Says Gilles Moëc, Chief Economist at AXA Investment Managers “The deterioration in the data is evident, but without any clear indication that underlying inflationary pressure is easing”. The markets are pending the meeting of this Wednesday in Frankfurt of the ECB. They take a rise in interest rates for granted. The question is the magnitude of that increase. Analysts believe that this time the hawks will ask to make money more expensive by 0.75%. According to the minutes of the July meeting, there was no unanimity in the 0.5% increase, since some governors asked for greater gradualness. And on this occasion, the most lax wing has barely raised its voice. The chief economist of the ECB, Philip Lane, barely advocated last week in Barcelona for step by step, without abrupt increases.
The positive data comes from The US continues to create jobs, despite the rise in interest rates, reaching all-time highs. And despite being a positive figure in the labor markets, the strength of the US labor market does nothing but point to new rate hikes in the Federal Reserve, which has made the fight without quarter against the increase in prices a priority.

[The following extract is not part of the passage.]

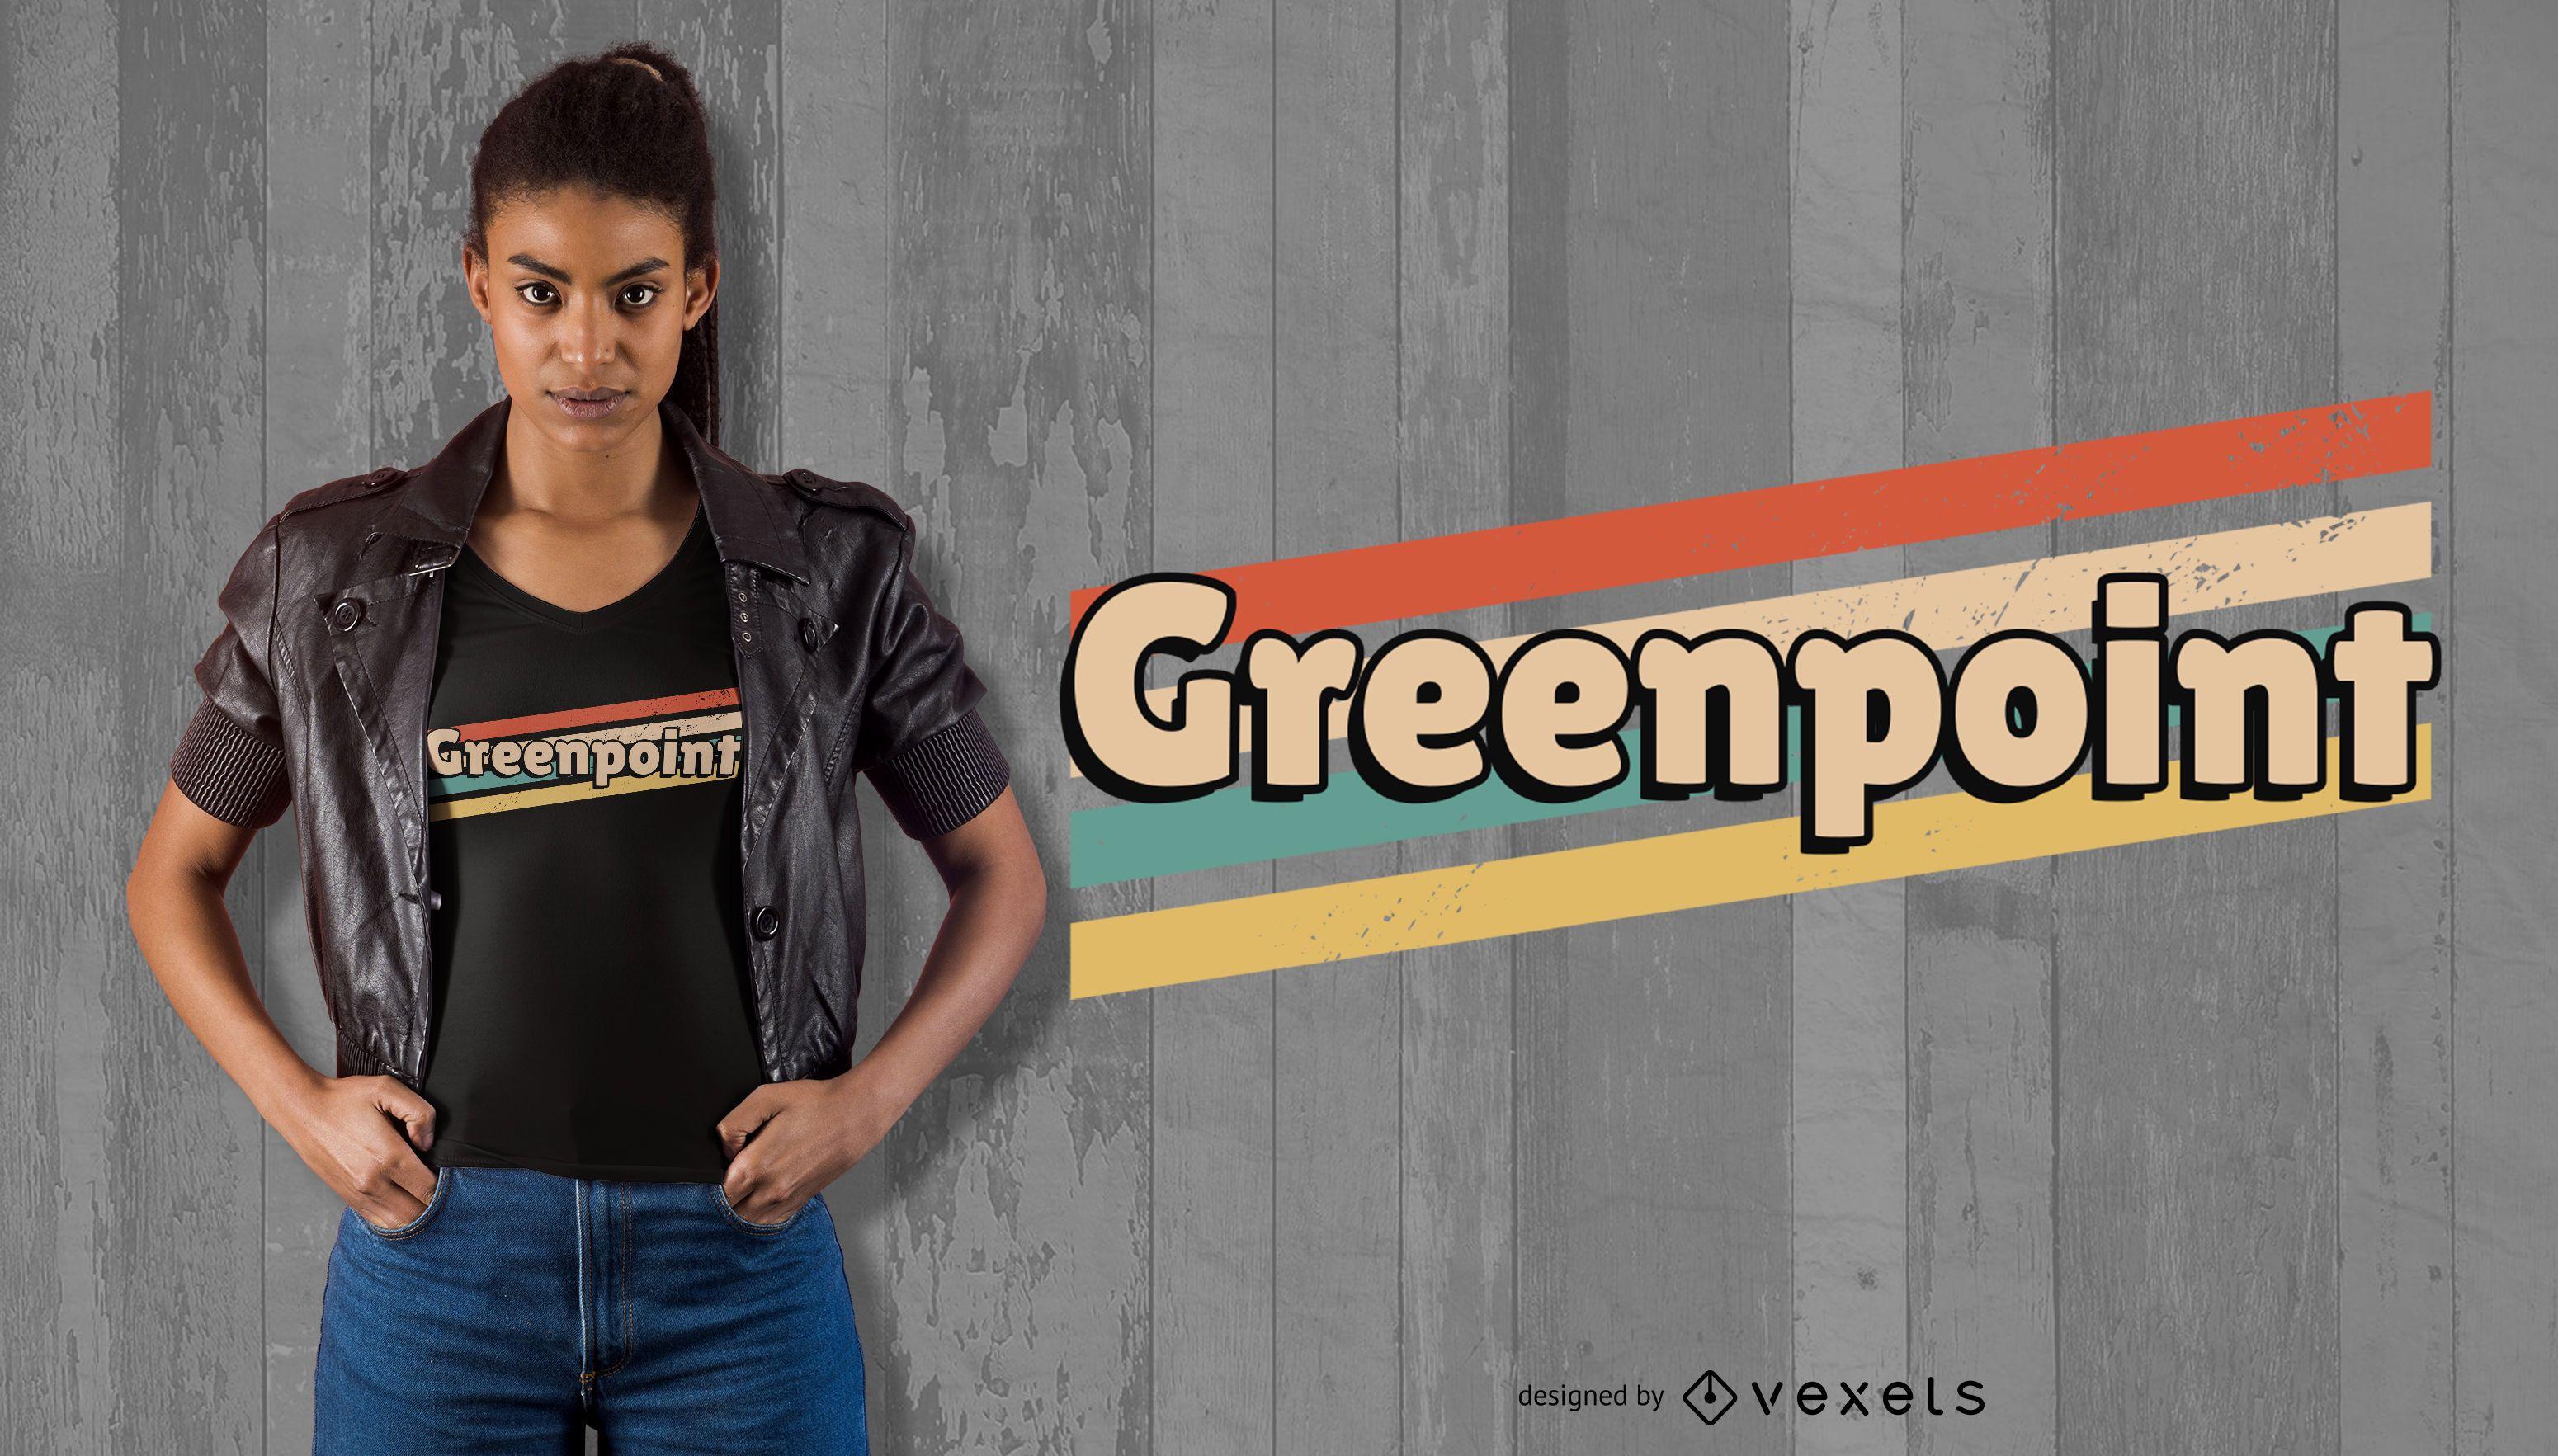 Greenpoint T-Shirt Design

Given this perspective, and especially with the new threats on the supply of gas, the euro has fallen again against the dollar. With the EU countries launching new measures to alleviate the cost of energy (such as Germany) or help energy companies (Sweden and Finland), the European currency has lost parity again and has even gone further by touching 0 .9876 first thing in the morning. This is the lowest level in two decades. The sovereign debt also scales: the German 10-year bond reaches 1,579%, but this Monday the peripheral debt rises above all. The Italian rose this Monday to 3,972%; the Spanish, at 2,792%, and the Portuguese, at 2,677%.

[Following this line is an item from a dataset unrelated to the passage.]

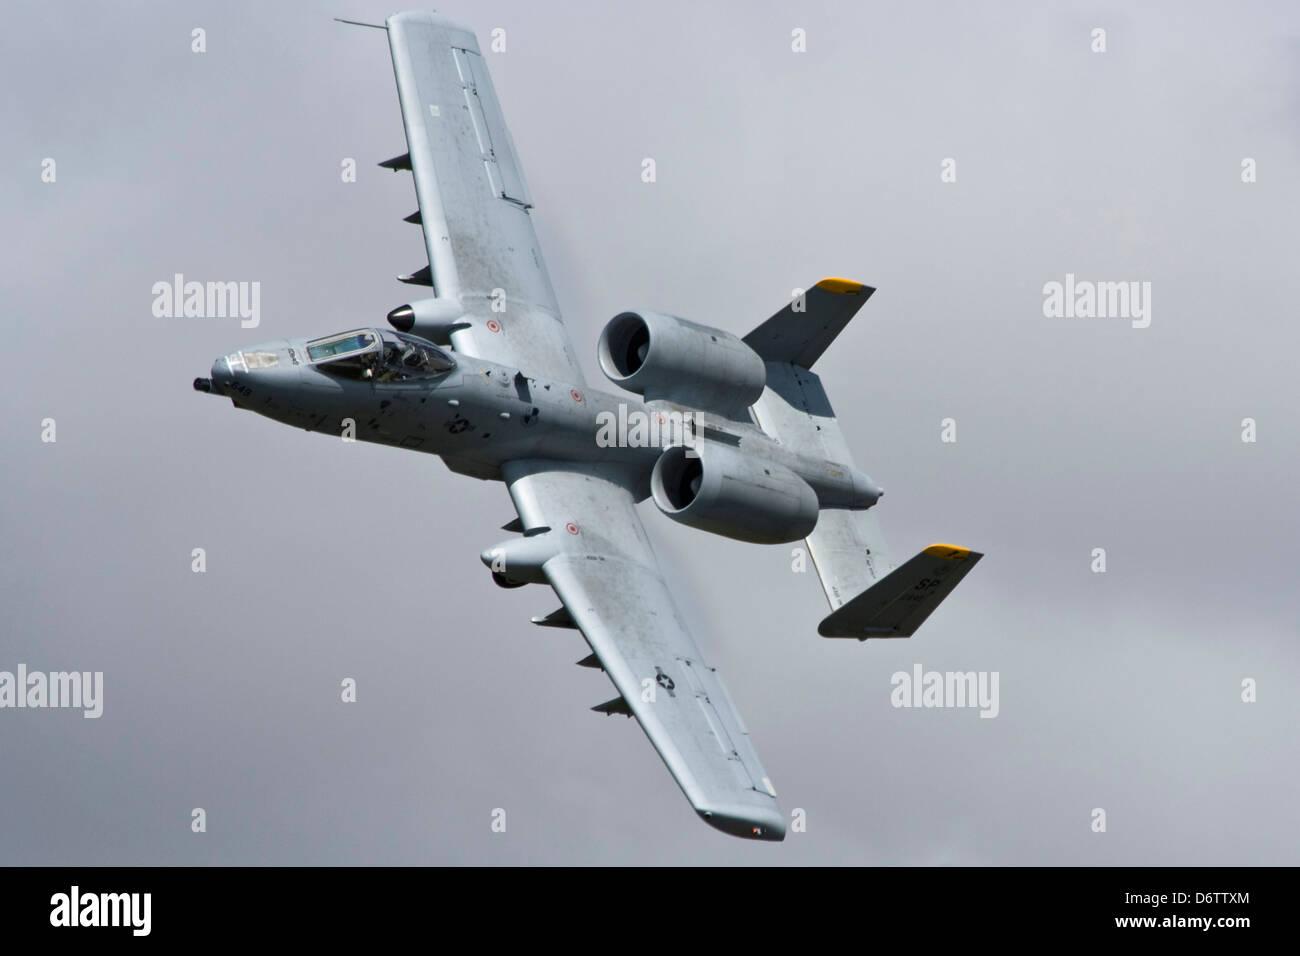 82649 A10 Thunderbolt Warthog Tankbuster Flying at IAT Fairford - Stock Image

In the stock markets, the Eurostoxx has collapsed 1.53%, reflecting the red numbers throughout the continent. The hardest hit was the German DAX, which fell 2.22%, followed by the French CAC, which fell 1.2%. The Ibex has fallen by 0.88%. The losses have been fattened above all by industrial stocks, which are the ones that are suffering the most from the rise in energy prices. Posted by The Usa Herald, a news and information agency.